What Is a Federal Savings and Loan?

A federal savings and loan institution is a type of thrift that has historically been focused on residential mortgages. These companies are typically private businesses, mutually owned by their customers. However, they can also be publicly traded.

How a Federal Savings and Loan Works

Federal savings and loans have their roots in the building and loan associations that were prominent prior to the Great Depression. Like their predecessors, S&Ls focus on making home loans accessible for middle-class individuals and families.

Many building and loan associations were mutually held institutions—that is, owned by their members. They largely relied on a share-accumulation model whereby members committed to buying shares in the association and subsequently had the right to borrow against the value of those shares in order to purchase a home.

When many of these institutions began to struggle during the Depression, however, the Hoover and Roosevelt administrations stepped in to overhaul the industry. The government provided charters for federal savings and loans and established the Federal Home Loan Banking system to ensure that these new—or, at least, rebranded—lenders had sufficient liquidity.

Key Takeaways

  • Federal savings and loan institutions were formed as a result of the regulatory movement that followed the Great Depression.
  • These entities focus on low-cost funding for mortgages as well as savings and checking accounts.
  • As a result of the savings and loan crisis, the Office of Thrift Supervision began regulated these institutions from 1989 to 2011.
  • Since 2011, S&L deposits have been protected by the FDIC.

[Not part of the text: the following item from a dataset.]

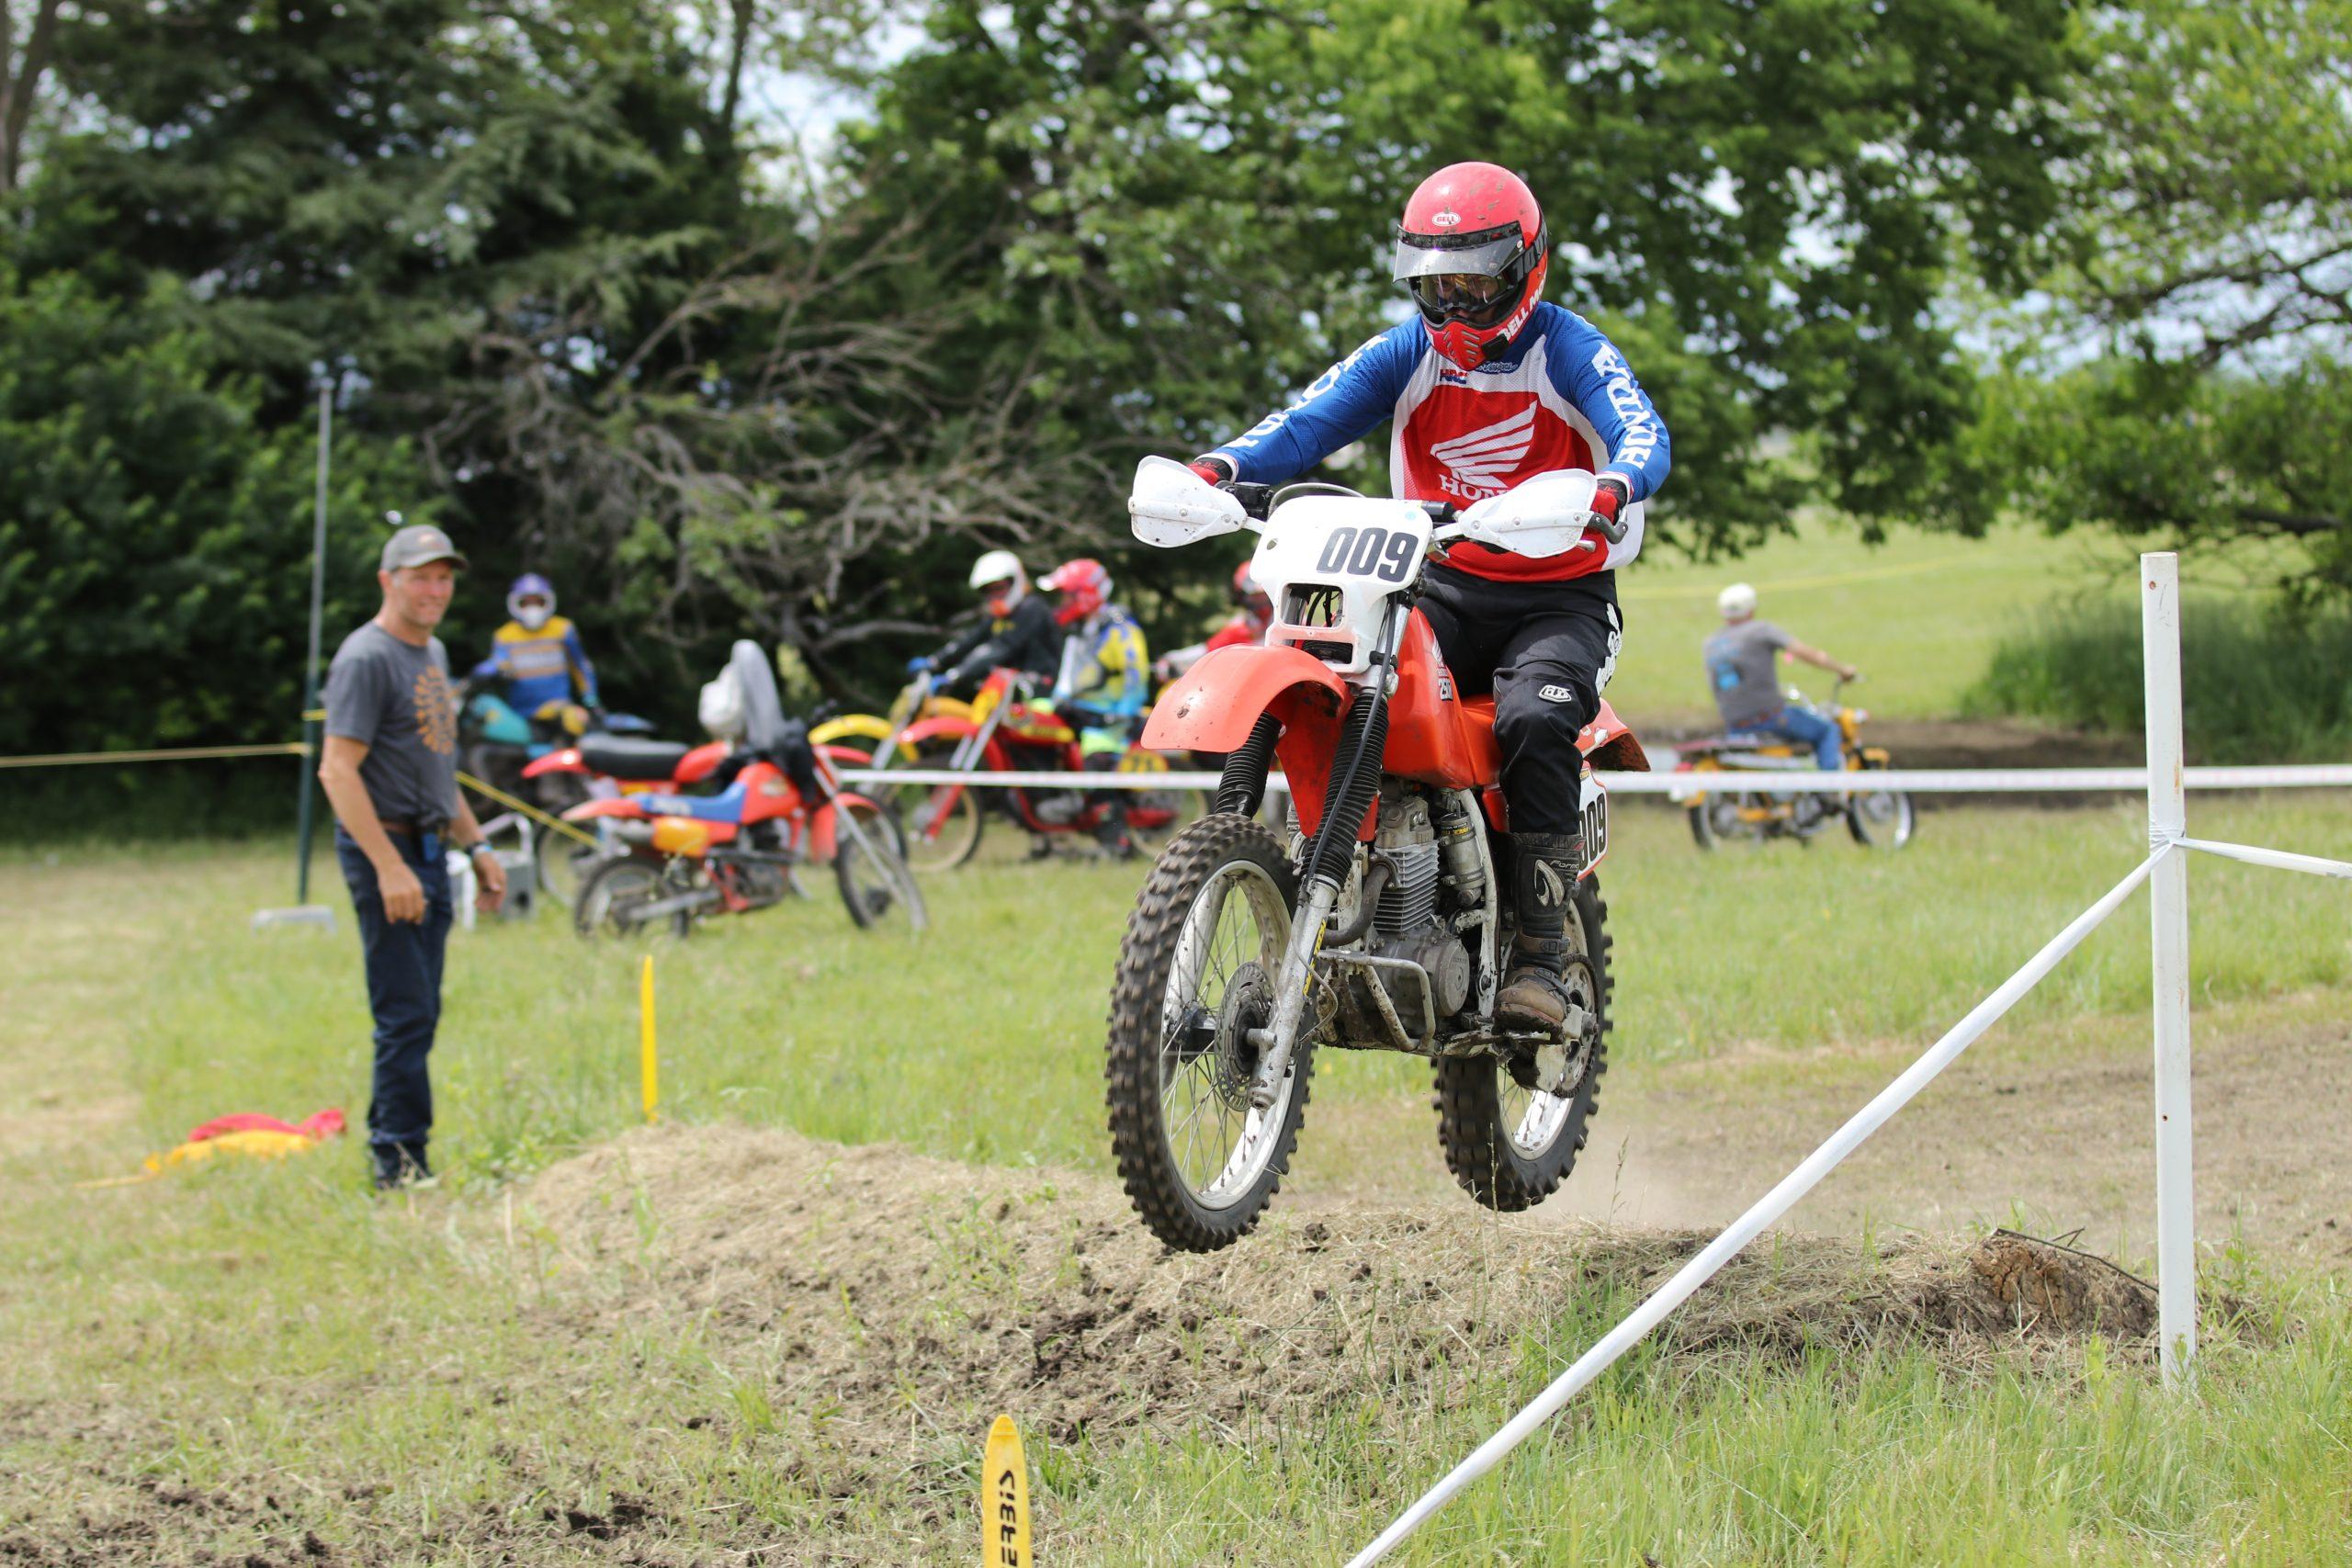 heartland motofest Kyle Smith small jump 2

Deposits in federally chartered S&Ls were insured by the new Federal Savings & Loan Insurance Corporation (FSLIC), which aimed to provide depositors with the assurance that they would not take on losses.

S&Ls Versus Banks

Federal savings and loan businesses are operated in one of two ways. Under the mutual ownership model, an S&L is owned by its depositors and borrowers. Alternatively, an S&L can be established by a group of shareholders who own all the shares in the thrift.

This is different from commercial banks, which are typically owned and managed by a board of directors chosen by stockholders. Commercial banks are also more diversified in terms of the offerings they provide. Much of their lending is geared toward businesses and construction projects. They also often provide a broader array of services to consumers, such as credit cards and wealth management solutions.

By contrast S&Ls are much more focused on the residential mortgage market. By law they can only lend up to 20% of their assets for commercial loans. In addition, to qualify for Federal Home Loan Bank lending, S&Ls must show that 65% of their assets are invested in residential mortgages and other consumer-related assets.

History of Federal Savings and Loans

The post–World War II boom marked the peak of the thrifts’ influence, with the total number of S&Ls reaching 6,071 by 1965. That growth would be threatened, however, when in 1966 Congress limited the interest rates that S&Ls and commercial banks could place on depository accounts. When interest rates rose in the 1970s, consumers began withdrawing their funds and putting them into accounts that offered a higher yield. Moreover, a stagnant economy meant that thrifts had fewer borrowers who could qualify for a loan.

In order to address these challenges, legislators passed laws to deregulate S&Ls in the early 1980s. They now had the ability, for example, to offer a broader range of products and use less-restrictive accounting procedures. But rather than alleviating the thrifts’ problems, the laws seemed to contribute toward multiple cases of mismanagement and fraud later in the decade. By 1990 the government estimated that S&L misconduct had cost the American public as much as $75 billion.

In reaction to the growing insolvency of the savings and loan industry, the government in 1989 reestablished stronger oversight and created the Office of Thrift Supervision. This regulatory body, itself a division of the Treasury Department, helped to ensure the safety and stability of member savings and loans. It was dissolved in 2011 and its functions were subsumed into other agencies. Savings and loan deposits came under the protection of the Federal Deposit Insurance Corporation (FDIC) and remain so today. 

While S&Ls survived the crisis, their prevalence has dwindled significantly since their zenith in the 1960s. As of Dec. 31, 2018, there were 691 FDIC insured savings institutions.